L’article se compose de cinq sections. La première propose un cadre théorique caractérisant les capacités hautement créatives des entreprises. La deuxième détaille la méthode qualitative et le protocole de recueil de données pour les trois LIO étudiés. L’analyse de cas est présentée dans la troisième section. La discussion met en perspective les enrichissements apportés par l’étude de cas à la construction d’un modèle d’analyse des capacités hautement créatives. La conclusion présente les implications managériales et les limites de cette recherche.

Cadre théorique

Cette section présente les compétences et ressources pour développer des capacités hautement créatives. Chaque sous-section identifie les tensions entre contrôle et autonomie pour utiliser ces ressources afin d’accéder, articuler et préserver la redondance des connaissances.

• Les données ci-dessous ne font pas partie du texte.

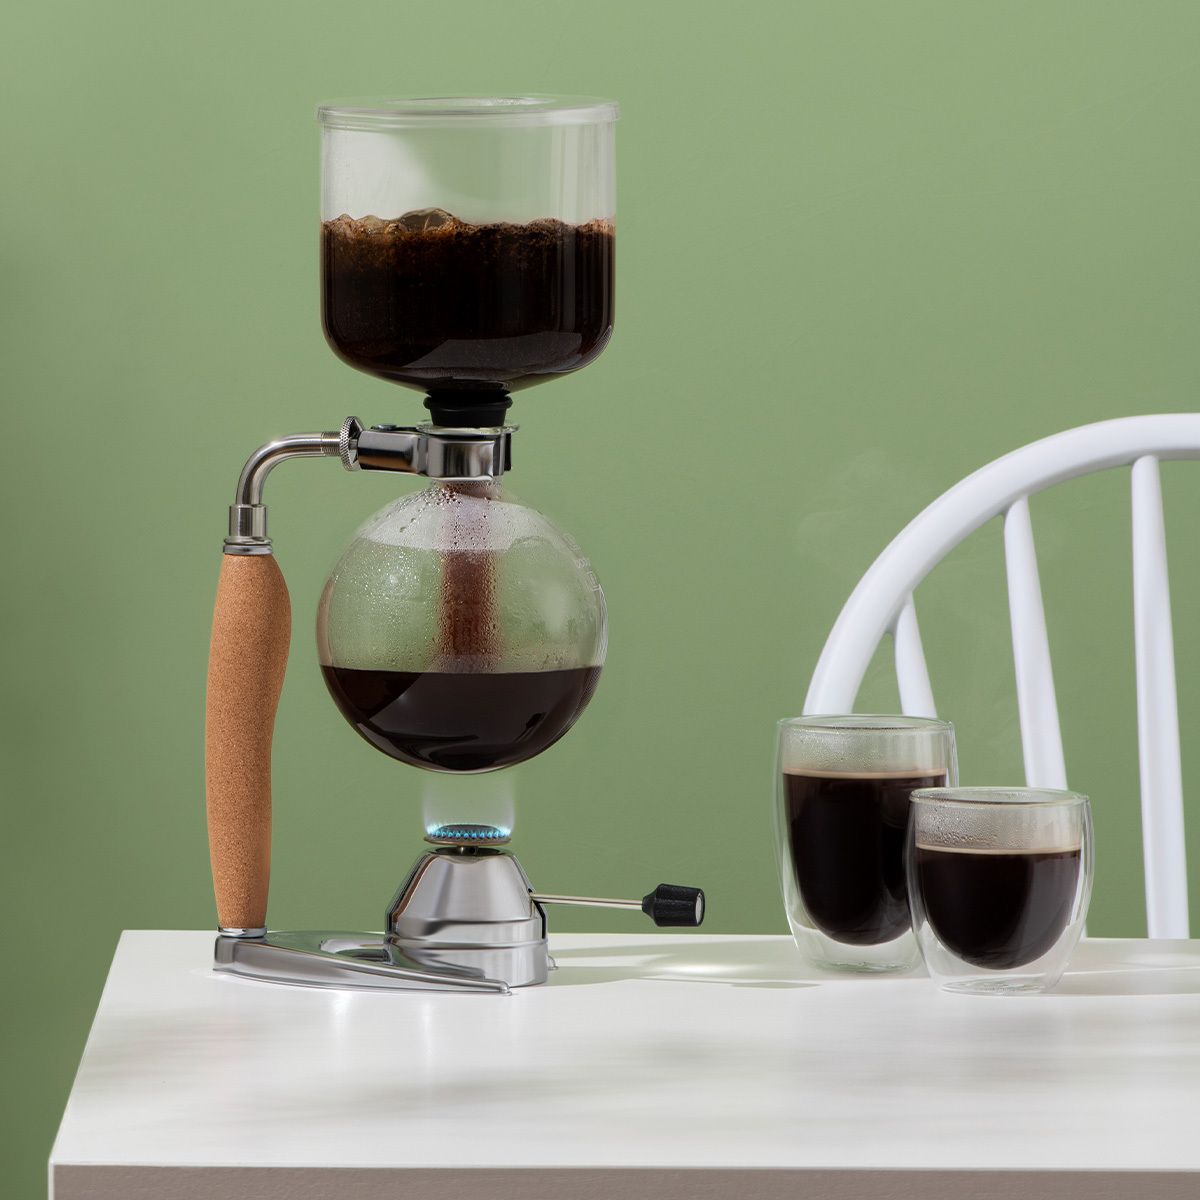 Bodum Mocha Vacuum Coffee Maker With Gas Burner, 8 Cups

Accéder à une diversité de connaissances pour développer des idées hautement créatives

L’accès à une grande diversité de connaissances est essentiel pour favoriser le développement d’idées hautement créatives (Amabile et al., 1996; Woodman et al., 1993). Dans un contexte d’innovation ouverte, les dispositifs se multiplient pour permettre d’interagir avec les clients, les startups, les compétiteurs ou encore les étudiants (West et Borgers, 2014). Ceux-ci apportent des connaissances non articulées avec la base de connaissances de l’entreprise en termes de contenus, de formes, et/ou de sources (Piezunka et Dahlander, 2015). Ces initiatives peuvent prendre la forme d’alliances structurées en Recherche et Développement (R&D), de concours à idées (Bergendahl et Magnusson, 2015), de plateformes de crowdsourcing (Parmentier et Mangematin, 2014), ou encore la participation à des activités de réseaux (Bjork et Magnusson, 2009) et de communautés (Cohendet et al., 2010). Avec l’introduction de ces dispositifs, la co-création se développe. Au-delà d’accroître les échanges, ces dispositifs permettent d’élargir les compétences mobilisées au cours des projets d’exploration, facilitant ainsi l’accès dans la durée à une variété de connaissances (Bjork, 2012).

De nombreux auteurs soulignent les changements organisationnels nécessaires pour mettre en place de tels dispositifs sans pour autant parvenir toujours aux mêmes conclusions. Pour certains, le contrôle managérial qui existe dans un modèle d’innovation fermée ne peut plus s’appliquer dans le cadre de l’innovation ouverte (Jelinek et al., 2008; Kumar et Mann, 2009). Pour Huizingh (2001) et Harvey et al. (2013), une liberté accrue accordée aux salariés est nécessaire pour participer à différentes configurations de réseaux et choisir les partenaires pertinents.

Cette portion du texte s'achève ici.